Based on customer feedback, Flywheel learned that (a) downloading and installing software - even from freely available open-source code on GitHub! - can be daunting, (b) customers often had difficulty versioning and maintaining software, as students and postdocs come and go, and (c) they would run the software many times, often changing key parameters, and have difficulty keeping track of the work they had done and the work that remained to be done. 

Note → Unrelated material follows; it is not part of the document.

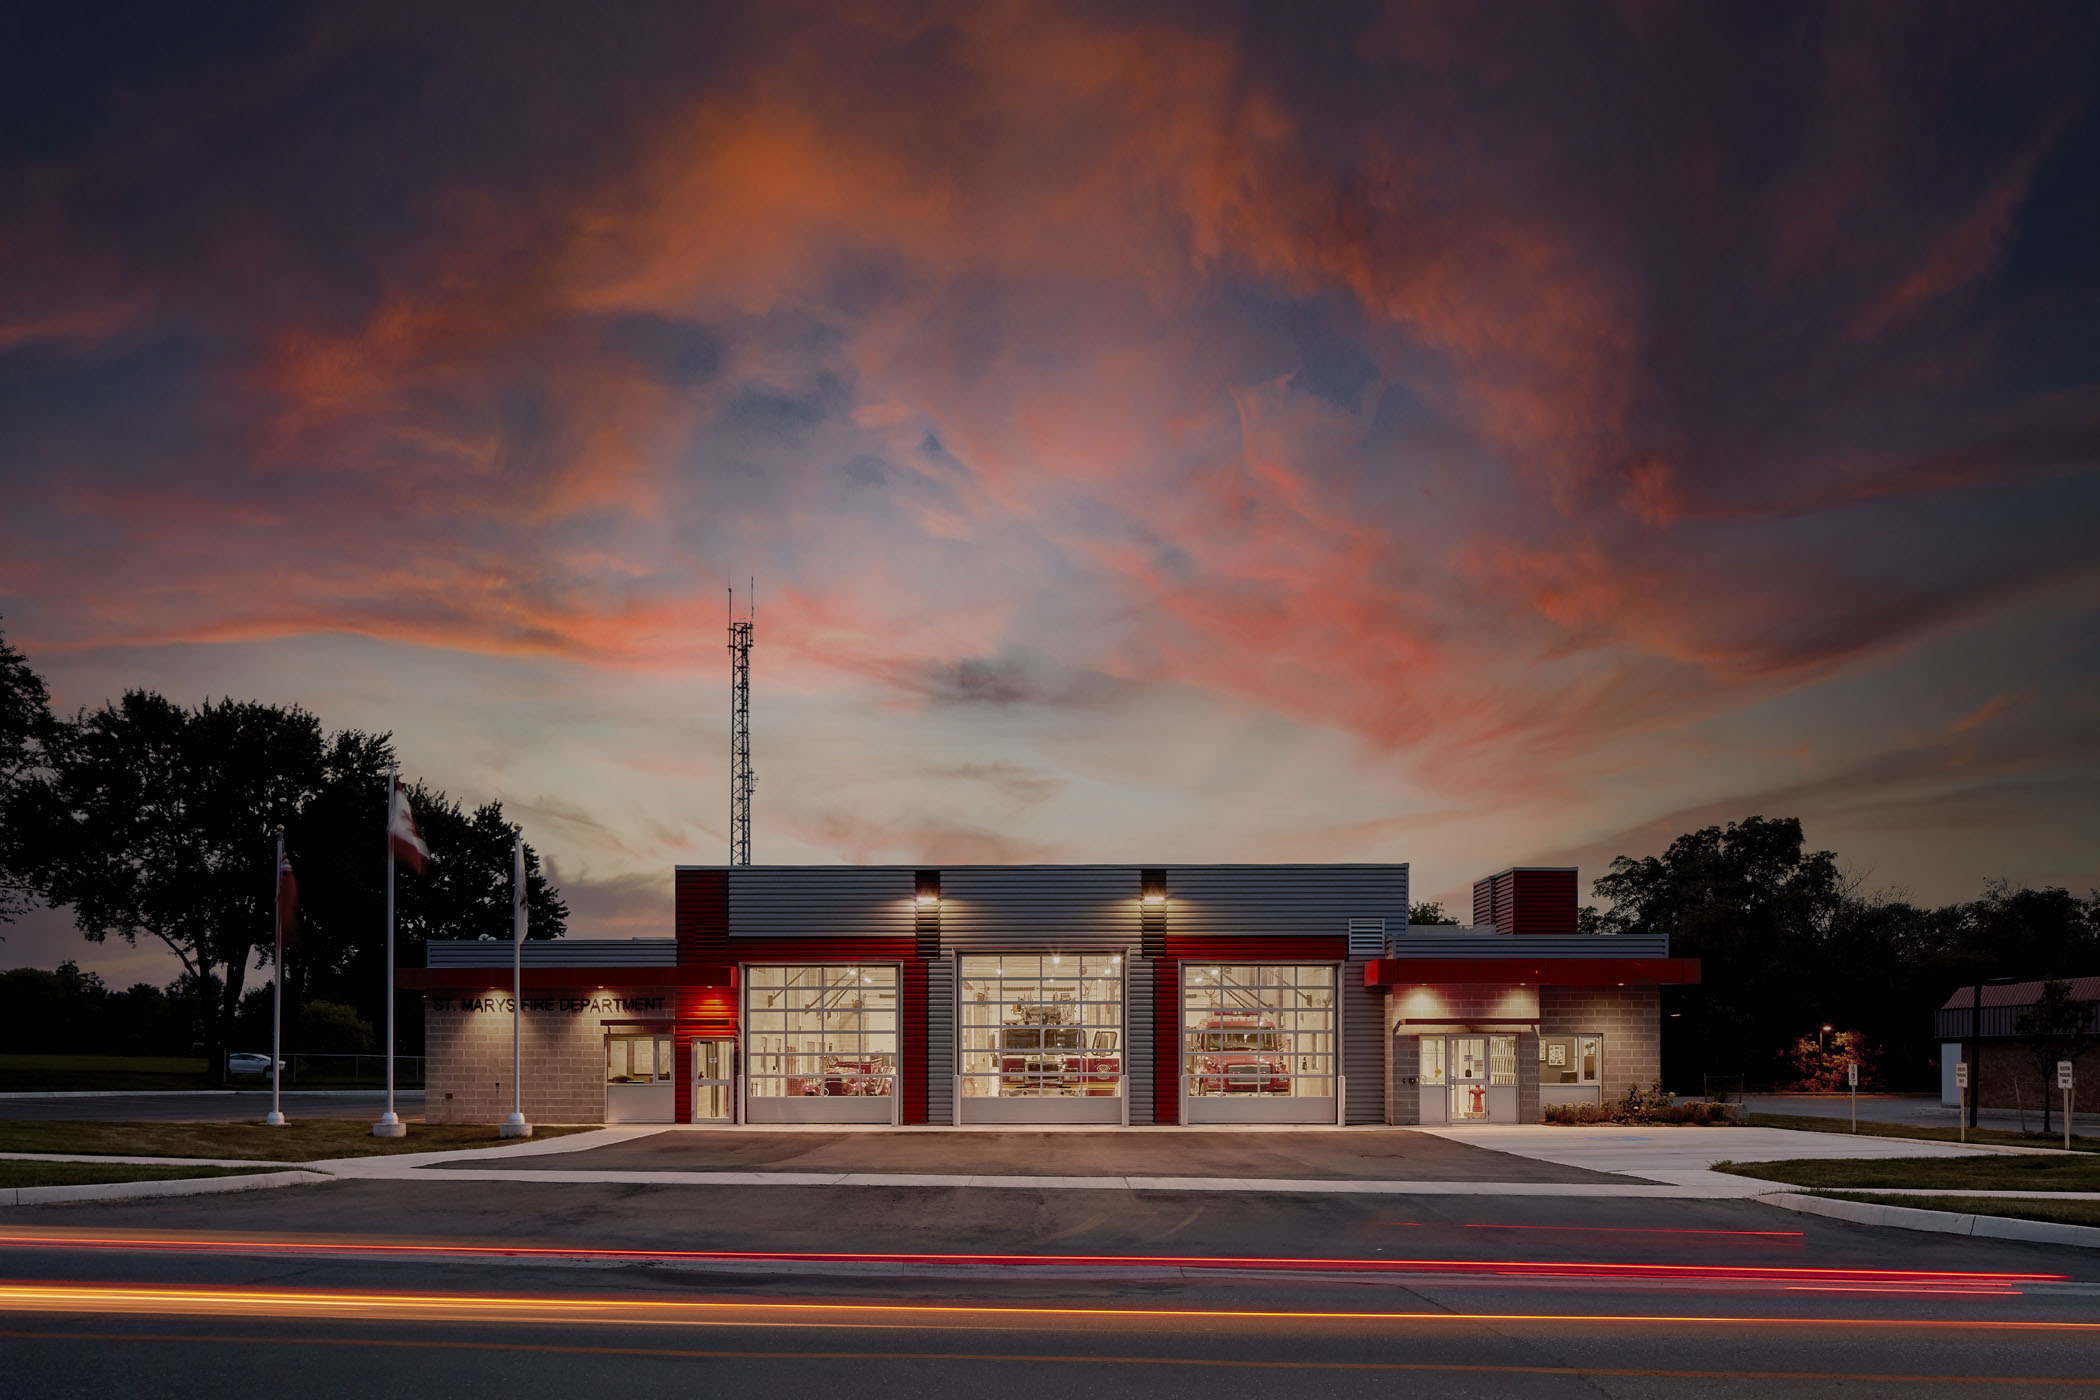 The fire station at sunset.

To respond to these challenges, Flywheel implemented computational tools based on container technology (Docker and Singularity). Implementing mature algorithms in a container nearly eliminates the burden of downloading, compiling, and installing critical pieces of software.  Containers include the compiled code along with all the dependencies, such as libraries in small virtual machines that can be run on many operating systems (PC, Mac, Linux, each with different variants). These small virtual machines (containers) can be run on a local machine or on a cloud system. This eliminates the burden of having to find the code, update all the dependencies, and compile.

Reproducibility and analyses: Introducing Gears

Once an algorithm is implemented in a container, Flywheel users run it. A lot. They wanted ways to record the precise input data as well as the algorithm version parameters that were used as they explored the data. The outputs also needed to be recorded. Such a complete record is difficult for individuals to implement; having such a record is necessary for reproducibility.

Flywheel solves these problems by creating a computational system for managed application containers, which we call Gears. The Gear is structured to record every parameter needed to perform an analysis. When the user runs a Gear, the input data, specific version of the container, all the parameters needed to run the container, and the output data are all recorded in the database. This is called an ‘Analysis’ and users perform and store hundreds of Analyses on a data set.

Because all the information about an Analysis is stored in the database associated with the study, people can re-run precisely the same Gear. It is also straightforward to run the same Gear using different data, or to explore the consequences of re-running the Gear after selecting slightly different parameters. Making Analyses searchable also helps people keep track of which Gears were run and which still need to be run. 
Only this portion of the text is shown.